As Americans scramble for at-home tests to find out if they’re infected with COVID-19, some experts are suggesting they should swab their throat, in addition to their nose, to better detect the omicron variant.

The advice comes as the U.S. Food and Drug Administration has cautioned some rapid antigen tests may be less sensitive at detecting the highly contagious variant. The at-home tests are done with a nasal swab and the FDA urged people to continue to use them as authorized, including following the instructions when it comes to collecting a test sample.

“The FDA has noted safety concerns regarding self-collection of throat swabs, as they are more complicated than nasal swabs — and if used incorrectly, can cause harm to the patient,” Jim McKinney, a spokesperson for the agency, told TODAY in a statement.

But because people who are exposed to omicron appear to get sick faster, “this means that there is a chance the virus isn’t yet growing in the nose when you first test,” tweeted Dr. Michael Mina, a former assistant professor of epidemiology at the Harvard T. H. Chan School of Public Health who now works as the chief science officer of eMed.

The “virus may start further down. Throat swab + nasal may improve chances a swab picks up (the) virus,” he wrote last month, adding it “does likely improve sensitivity.”

The hashtag #SwabYourThroat has showed up on Twitter, with users sharing their experiences of testing negative when swabbing their nose, but positive when adding the throat swab.

Epidemiologist Eric Feigl-Ding is among experts who have been suggesting making that change.

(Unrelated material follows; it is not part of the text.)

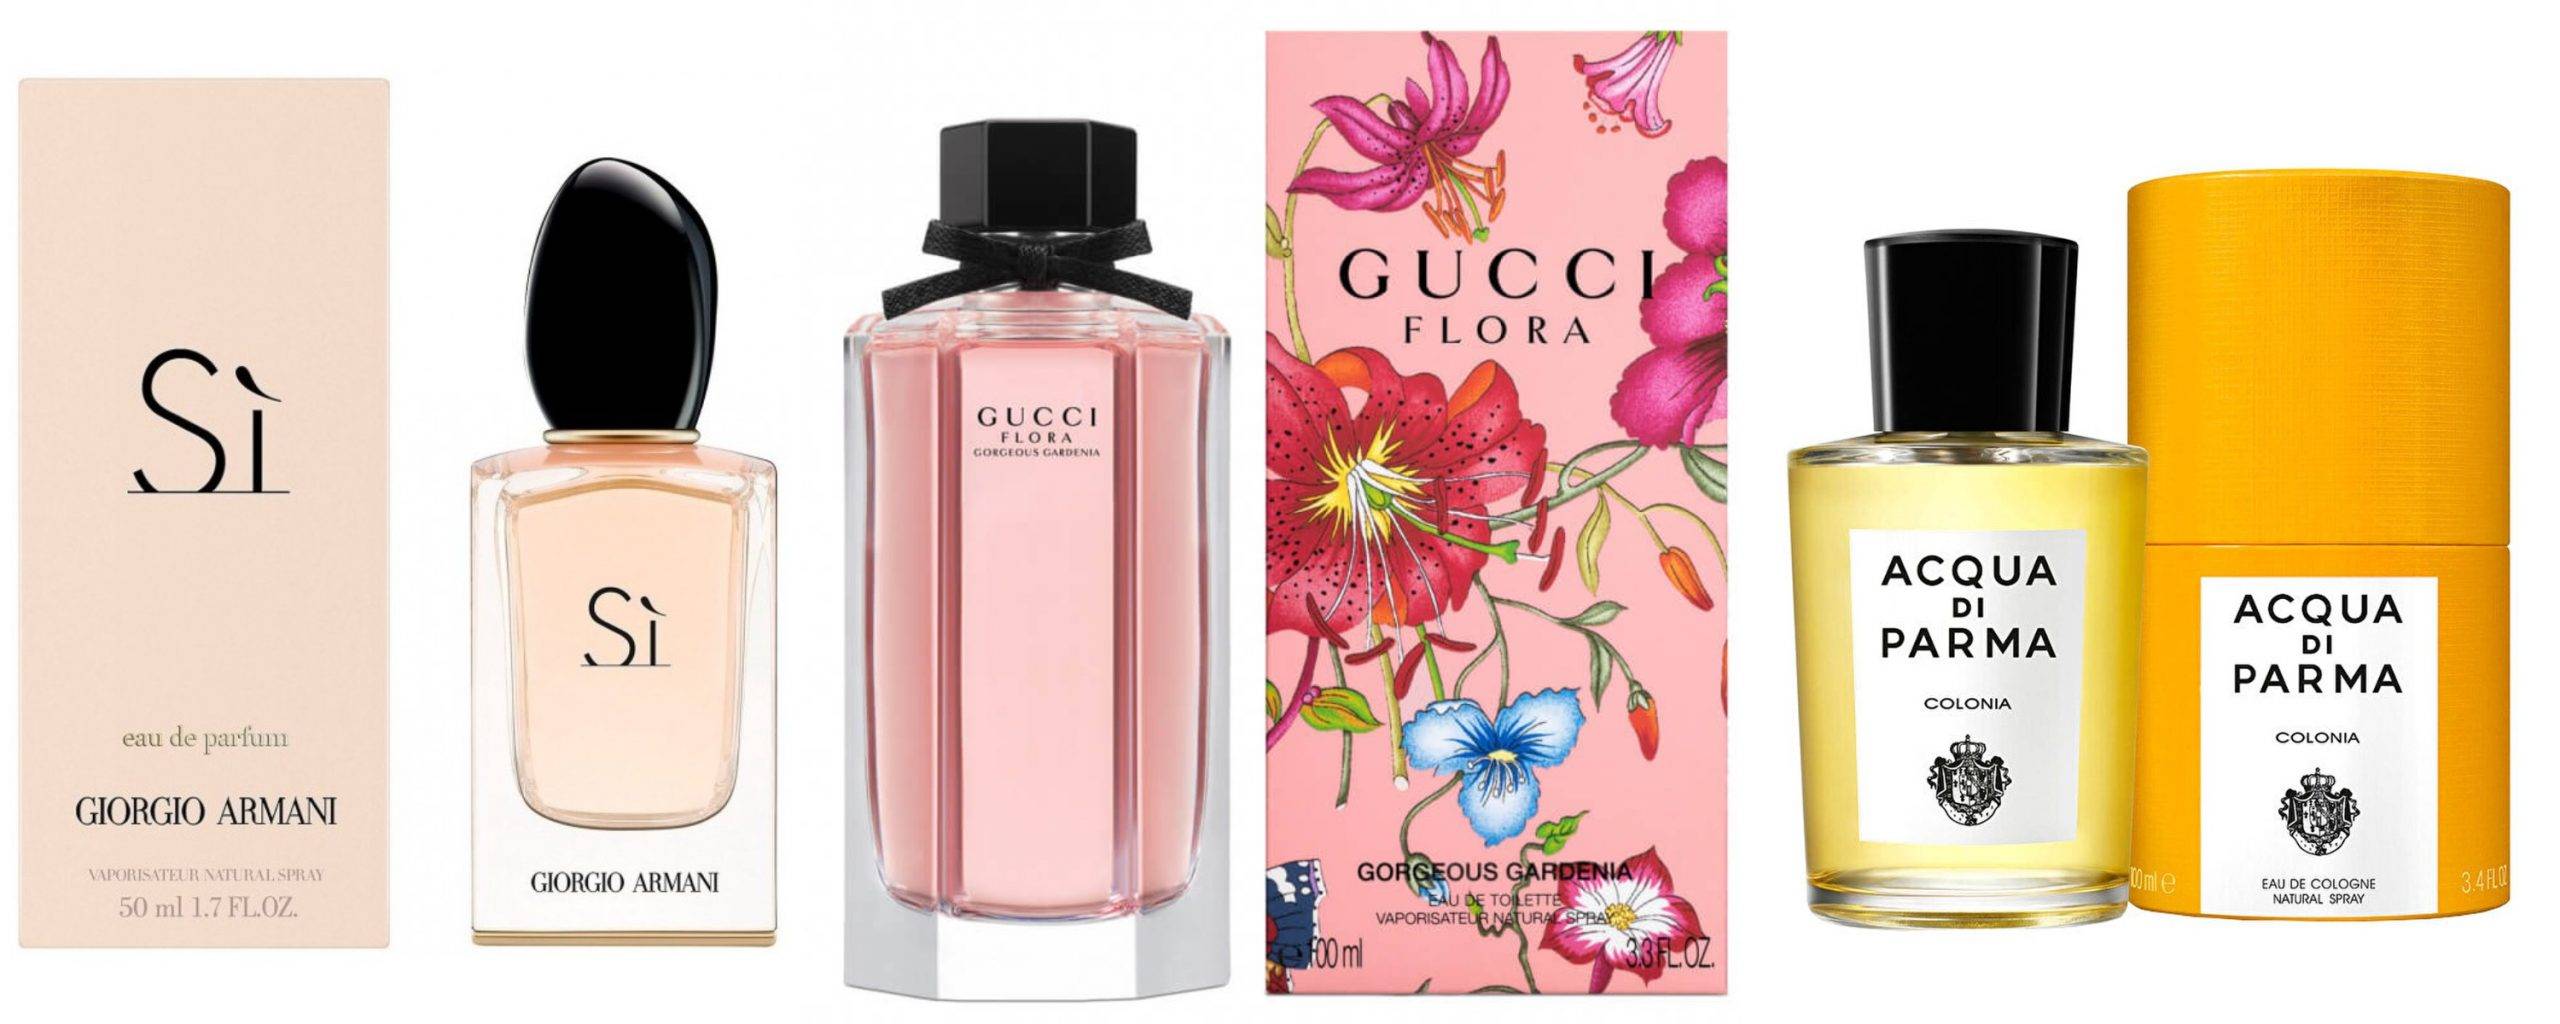 Cele mai iubite și apreciate 3 brand-uri italiene care au creat o mulțime de parfumuri de lux

He pointed to a study that found omicron replicates much faster in human airways than the delta variant, but slower in lung tissue.

Based on the evidence he has seen, Feigl-Ding said he would “definitely” do a throat swab if he were to test himself for COVID-19 at home.

“The fact that (omicron) replicates differently in different tissues means that you might have to sample different tissues,” Feigl-Ding, a senior fellow at the Federation of American Scientists and a former faculty member at Harvard Medical School, told TODAY.

“When the FDA authorized these tests, they were authorized for pre-omicron use … the dynamic is so fluid and I think FDA just needs to catch up on this.”

It’s not that an at-home test won’t pick up omicron in the nose when swabbing there, it’s just that it might pick it up half a day or day later, he added.

Saliva swabs may be helpful, too

Swabbing the throat is done by many other countries, Feigl-Ding said, pointing to an instructional video by the UK Health Security Agency that shows how to take a combined throat and nose swab.

The throat sample is usually taken first, followed by the nose sample. Frequently, many countries have had their swabbing technicians use the same swab for both places, but some countries use two different swabs, he noted. People are generally instructed to not eat or drink for 30 minutes before a throat swab.